Also in the framework of the TLS Handshake procedure, it is possible to establish the authenticity of the identity of the client and the server. For example, a client can be sure that the server that provides him with information about a bank account is really a bank server. And vice versa: the company's server can be sure that the client who connects to it is an employee of the company, and not an outsider (this mechanism is called Chain of Trust and will be discussed in the appropriate section).
Finally, TLS sends each message with a Message Authentication Code (MAC) code, whose creation algorithm is a one-way cryptographic hashing function (actually a checksum), the keys of which are known to both communication participants. Whenever a message is sent, its MAC value is generated, which can be generated by the receiver as well, this ensures the integrity of the information and protection against its substitution.
Thus, all three mechanisms underlying the cryptosecurity of the TLS protocol are briefly considered.

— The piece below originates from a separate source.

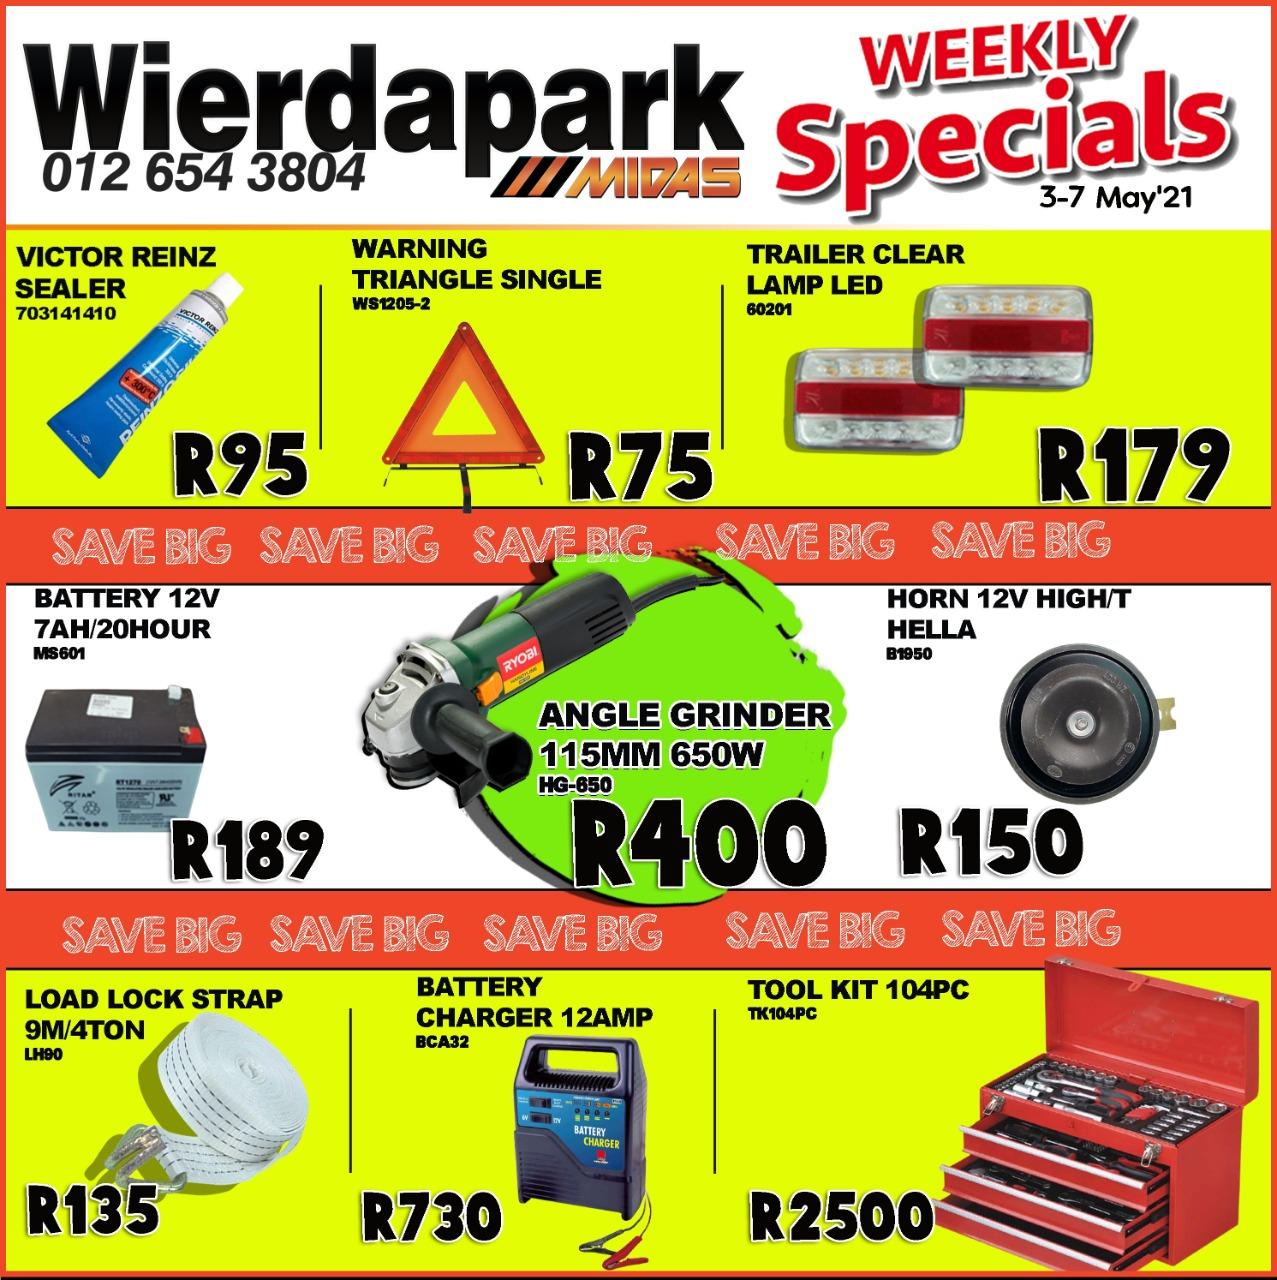 Weekly Specials now on at Wierdapark Midas!

Before starting data exchange via TLS, the client and server must agree on the connection parameters, namely: the version of the protocol used, the method of data encryption, and check the certificates, if necessary. The scheme of starting the connection is called TLS Handshake and is shown in the figure:
Let us examine in more detail each step of this procedure:
Clearly, establishing a TLS connection is, generally speaking, a lengthy and time consuming process, so there are several optimizations in the TLS standard. In particular, there is a procedure called “abbreviated handshake”, which allows you to use previously agreed parameters to reconnect (of course, if the client and server have established a TLS connection in the past). This procedure is discussed in more detail in the item “Resumption of the session”.
There is also an additional extension of the Handshake procedure, which is called TLS False Start. This extension allows the client and server to begin exchanging encrypted data immediately after the encryption method is established, which reduces the connection establishment by one iteration of messages. This is discussed in more detail in “TLS False Start”.

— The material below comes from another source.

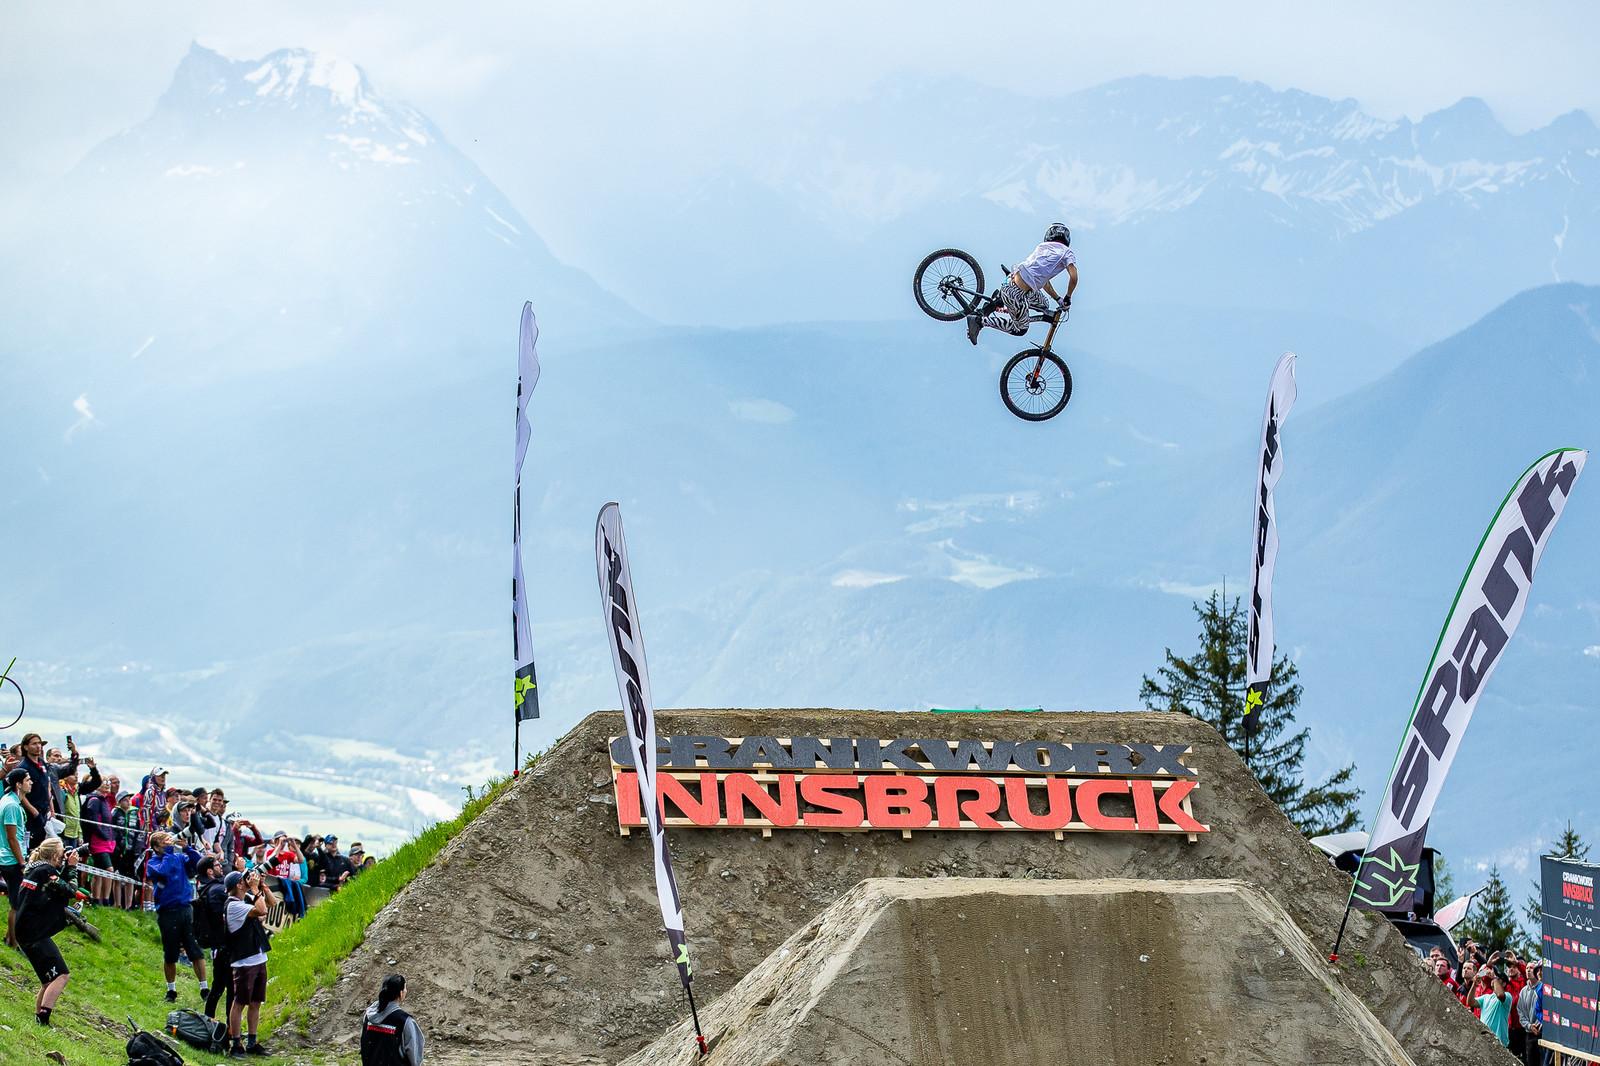 European Whip Off Champs - Crankworx Innsbruck - Kaos Seagrave, Winner! - European Whip Off Champs - Crankworx Innsbruck - Mountain Biking Pictures - Vital MTB

For various historical and commercial reasons, TLS uses RSA key exchange most often: the client generates a symmetric key, signs it with the server's public key and sends it to the server. In turn, the client's key on the server is decrypted using the private key. After this, the key exchange is declared complete. This algorithm has one drawback: the same pair of public and private keys is also used for server authentication. Accordingly, if an attacker gains access to the server's private key, he can decrypt the entire communication session. Moreover, an attacker can simply record the entire communication session in an encrypted version and take the decryption later when it is possible to get the server's private key. At the same time, Diffie-Hellman key exchange seems to be more secure, since the installed symmetric key never leaves the client or server and, accordingly, cannot be intercepted by the attacker, even if he knows the server's private key. The service to reduce the risk of compromising past communication sessions is based on this: for each new communication session, a new, so-called “temporary” symmetric key is created. Accordingly, even in the worst case (if the attacker knows the server's private key), the attacker can only get the keys from future sessions, but not decrypt the previously recorded ones.
At the moment, all browsers, when establishing a TLS connection, prefer the combination of the Diffie-Hellman algorithm and the use of temporary keys to increase the security of the connection.
Once again, public key encryption is used only in the TLS Handshake procedure during initial connection setup. After the tunnel is configured, symmetric cryptography comes into play, and the communication within the current session is encrypted with the specified symmetric keys. This is necessary to increase performance, since public key cryptography requires significantly more computational power.
As noted earlier, the complete TLS Handshake procedure is quite lengthy and expensive in terms of computational overhead. Therefore, a procedure was developed that allows you to resume a previously interrupted connection on the basis of already configured data.
Starting with the first public version of the protocol (SSL 2.0), the server within TLS Handshake (namely, the initial ServerHello message) can generate and send a 32-byte session identifier. Naturally, in this case, the server stores a cache of generated identifiers and session parameters for each client. In turn, the client stores the ID sent and includes it (of course, if it exists) in the initial message of the ClientHello. If both the client and the server have identical session identifiers, then the establishment of a common connection occurs using the simplified algorithm shown in the figure. If not, the full version of TLS Handshake is required.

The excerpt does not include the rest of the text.